As a Christian I know there is always hope, that my God will never leave or forsake me. But for those 45 minutes or so alone in the dark and in pain it felt like someone else was in control of my body. I had voices inside my head telling me the pain would all go away and it would be better for everyone else around me. I had been praying earlier that night, thanking God for what he had given me and praying for others on my list. When the intense pain was getting really bad I was praying then even, then out of no where it was like a switch was turned on in my head that said if you just swallow a couple extra pills you can go to heaven where there is no more pain. I know that the Lord was not telling me to kill myself.

I have been fighting a spiritual battle all year it seems. If it is not one thing it's another. But as another year of my life starts today I am looking forward to the future.

Yes I am still having knee pain. I got my 3rd and final injection yesterday. It is not back to where it was, and I don't really know if it will ever be.
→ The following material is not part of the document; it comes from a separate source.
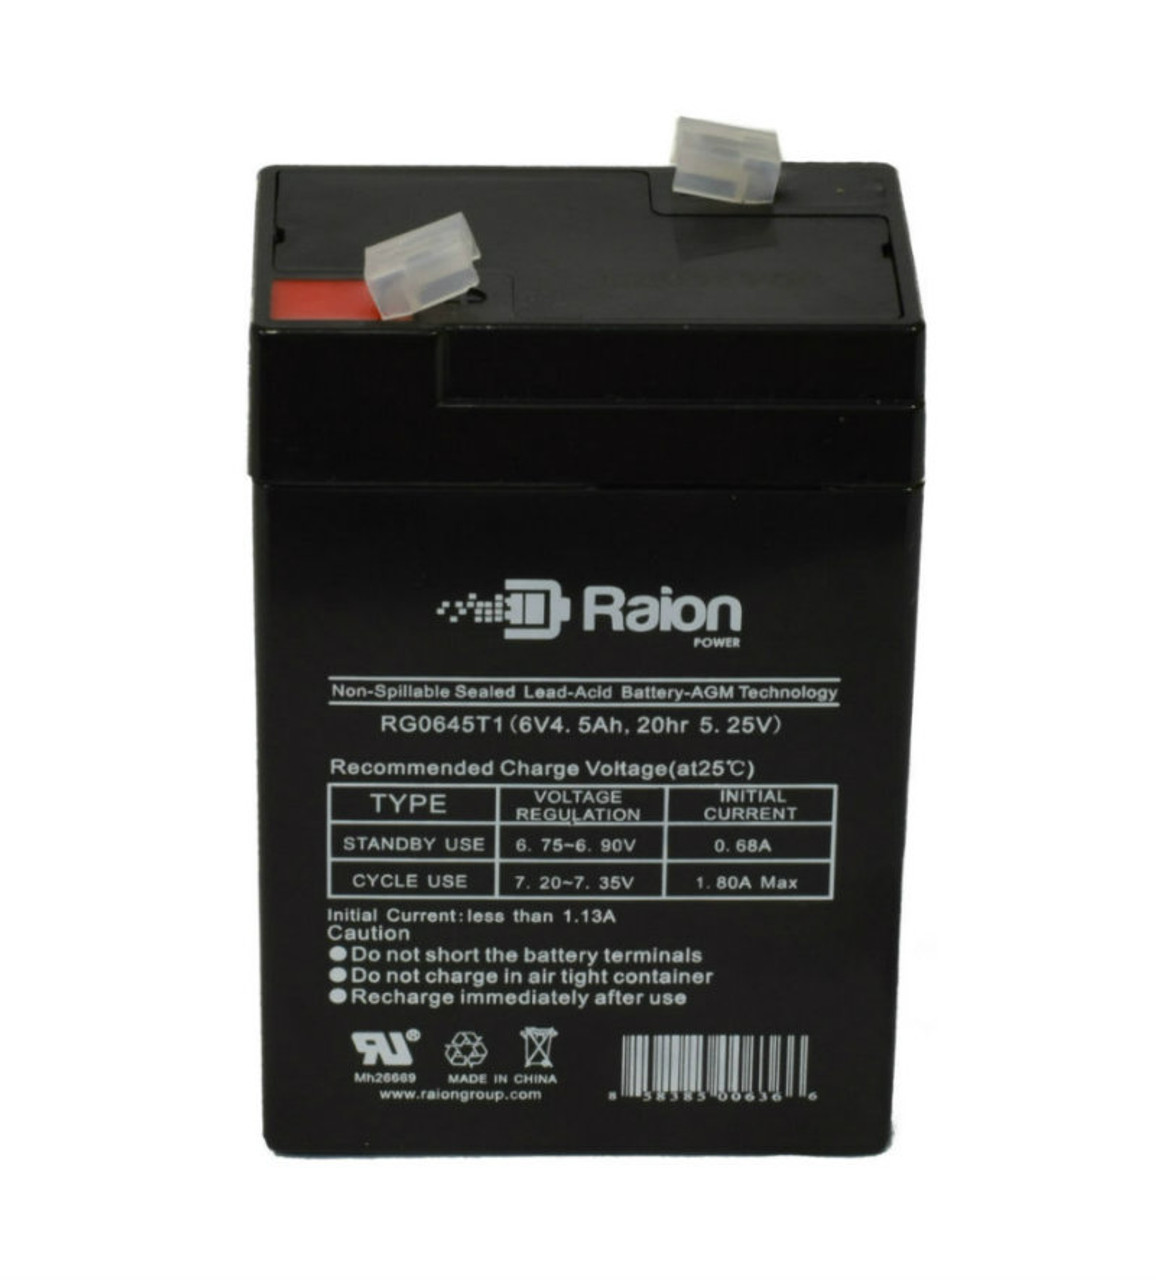 Raion Power RG0645T1 Replacement Battery Cartridge for Tork 650

We are holding off on physical therapy until after my 6 week check up to try to let the shots work and give the knee rest. He still has be on sedentary duty and doesn't want me doing a lot of walking.
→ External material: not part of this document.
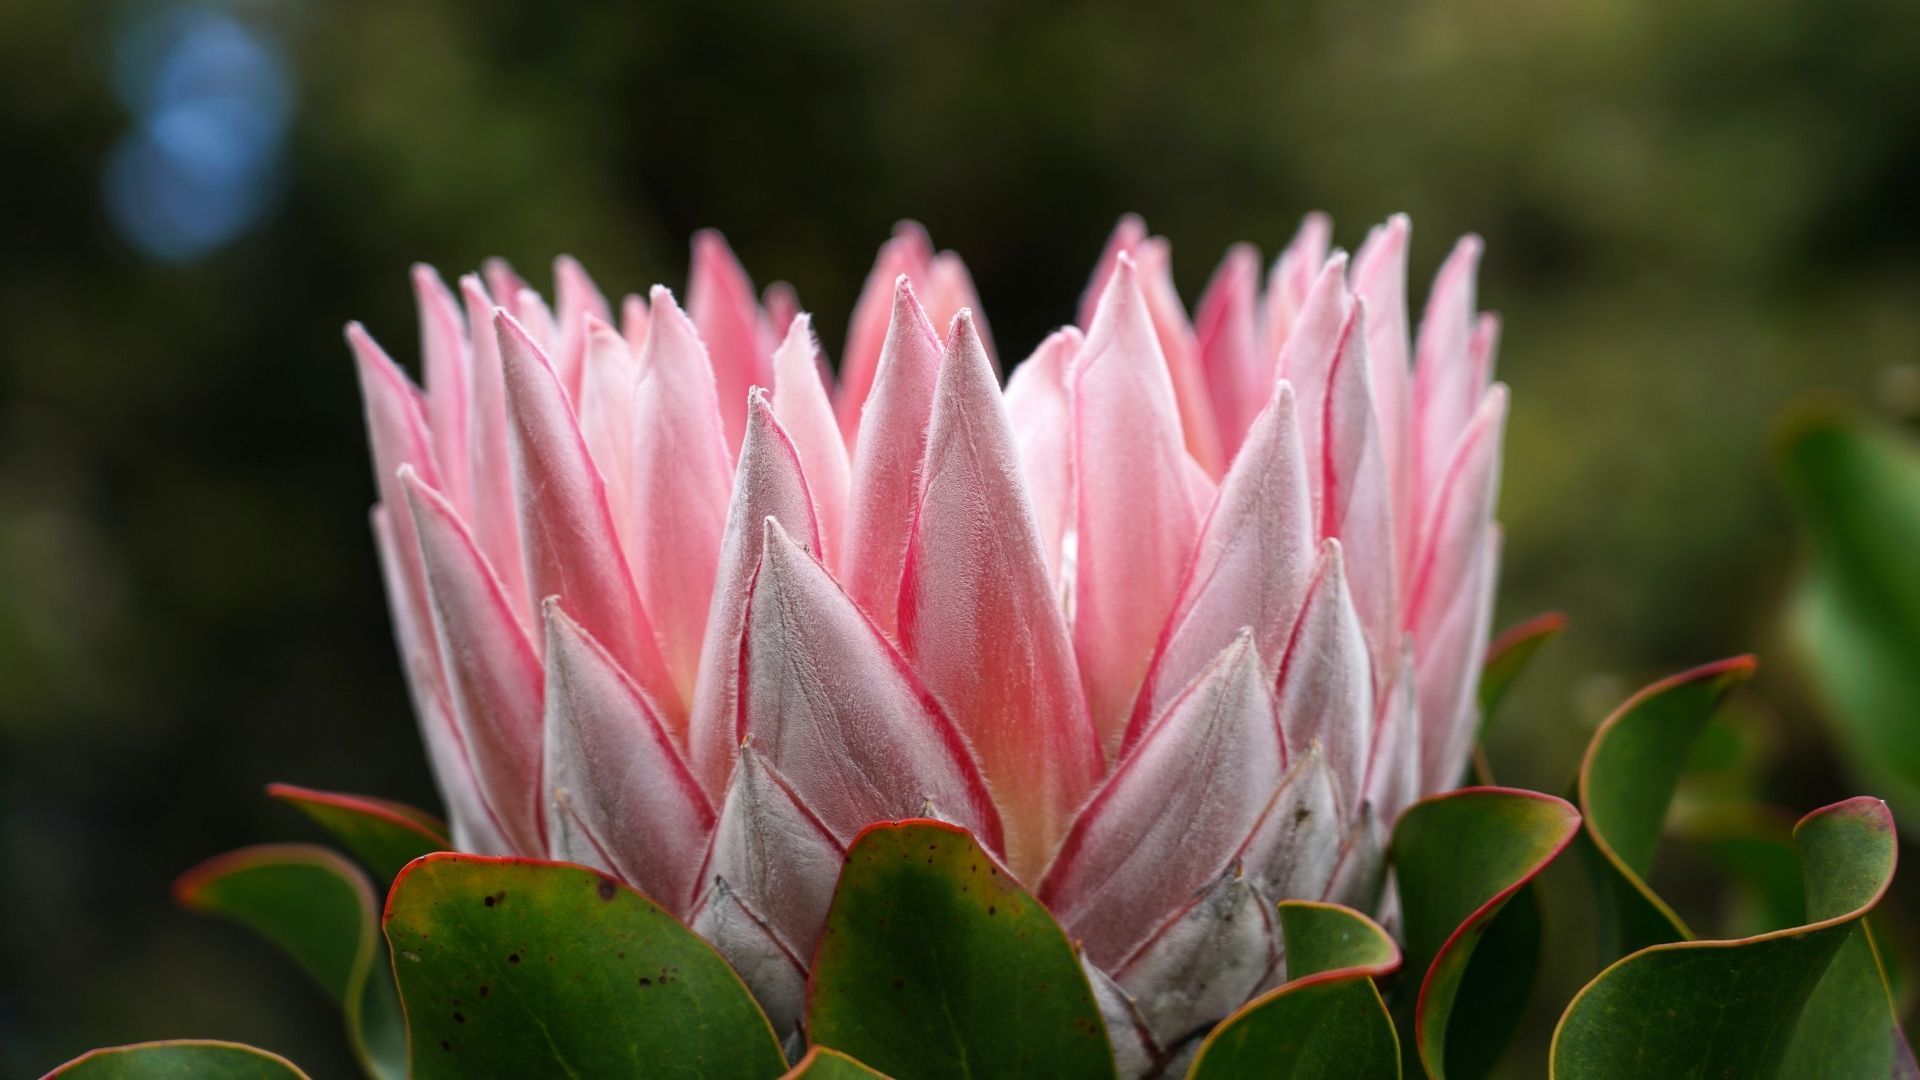 Most beautiful flowers: Proteas

Thank you to those that have been praying for and with me. Some I didn't even know read my blog until they said they read and were praying. I appreciate it more then I can say.
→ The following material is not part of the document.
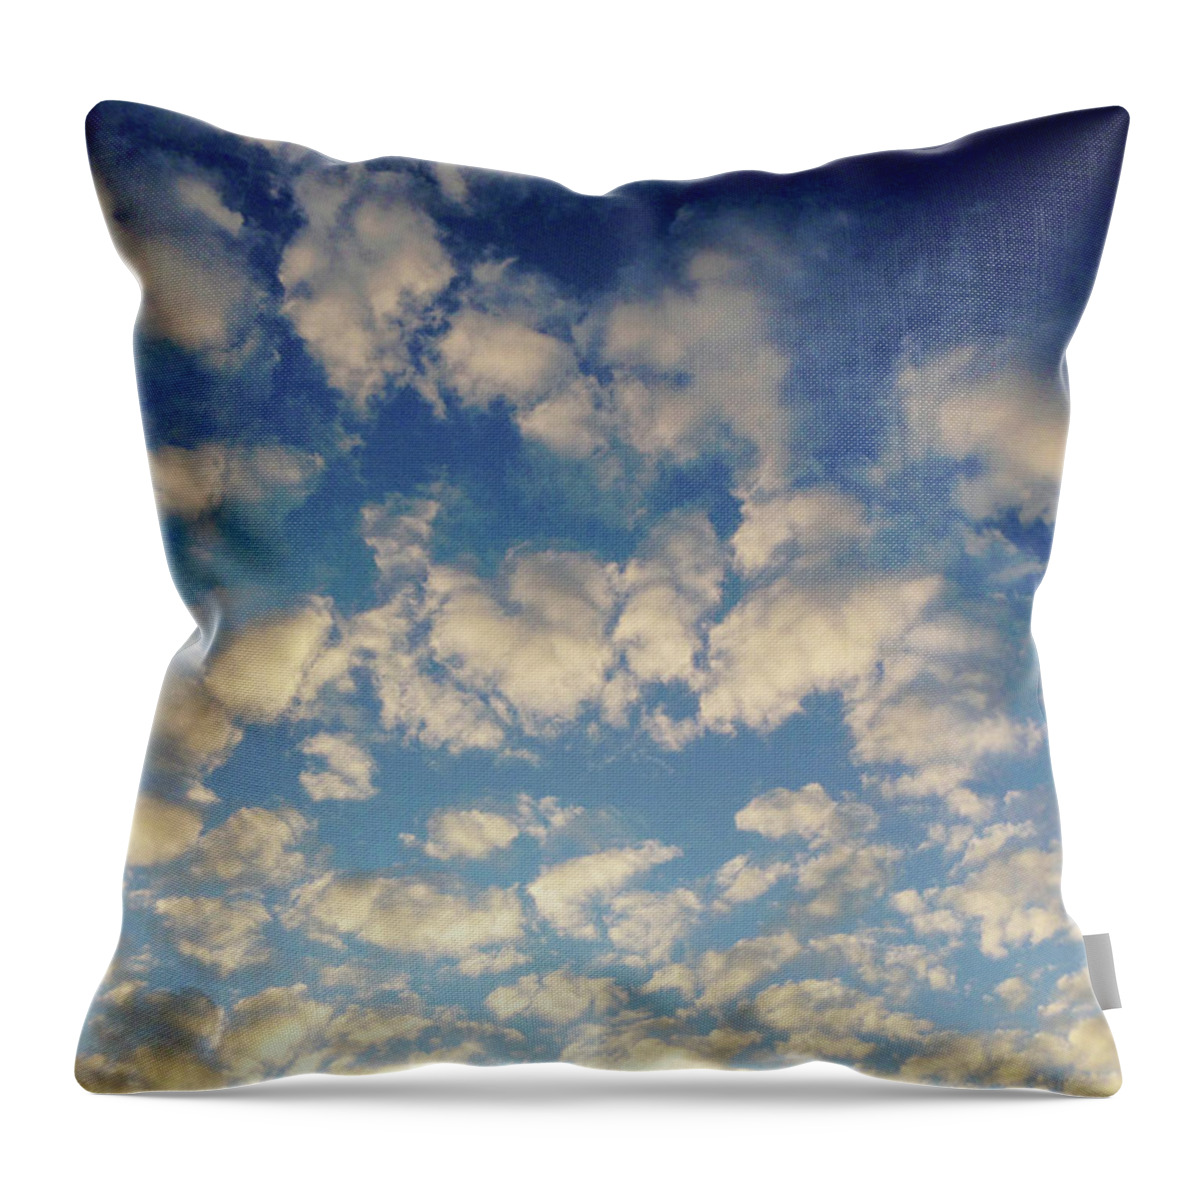 Sky Throw Pillow featuring the photograph Head In The Clouds- Art by Linda Woods by Linda Woods

Friday, September 14, 2012

Have you ever felt so alone?

I know it has been a while since I have posted anything here. Most of you probably thought I had given up blogging all together. And well I guess for a while I did. I have given up a lot of things I enjoy(ed) lately.
I am not going to sugar coat things, I am tired of being ashamed! Depression set in on me like a load of bricks. This year seems like I have been hit and hit and hit. If it's not one thing it's another.  This knee injury added to an already fragile mental status. I have been having problems with panic attacks in groups. Get me in a room with more then about 3 or so people and feels like the walls are closing in on me. A trip to the store gets a pill first and even thin its iffy if I will make it out of there without full blow anxiety.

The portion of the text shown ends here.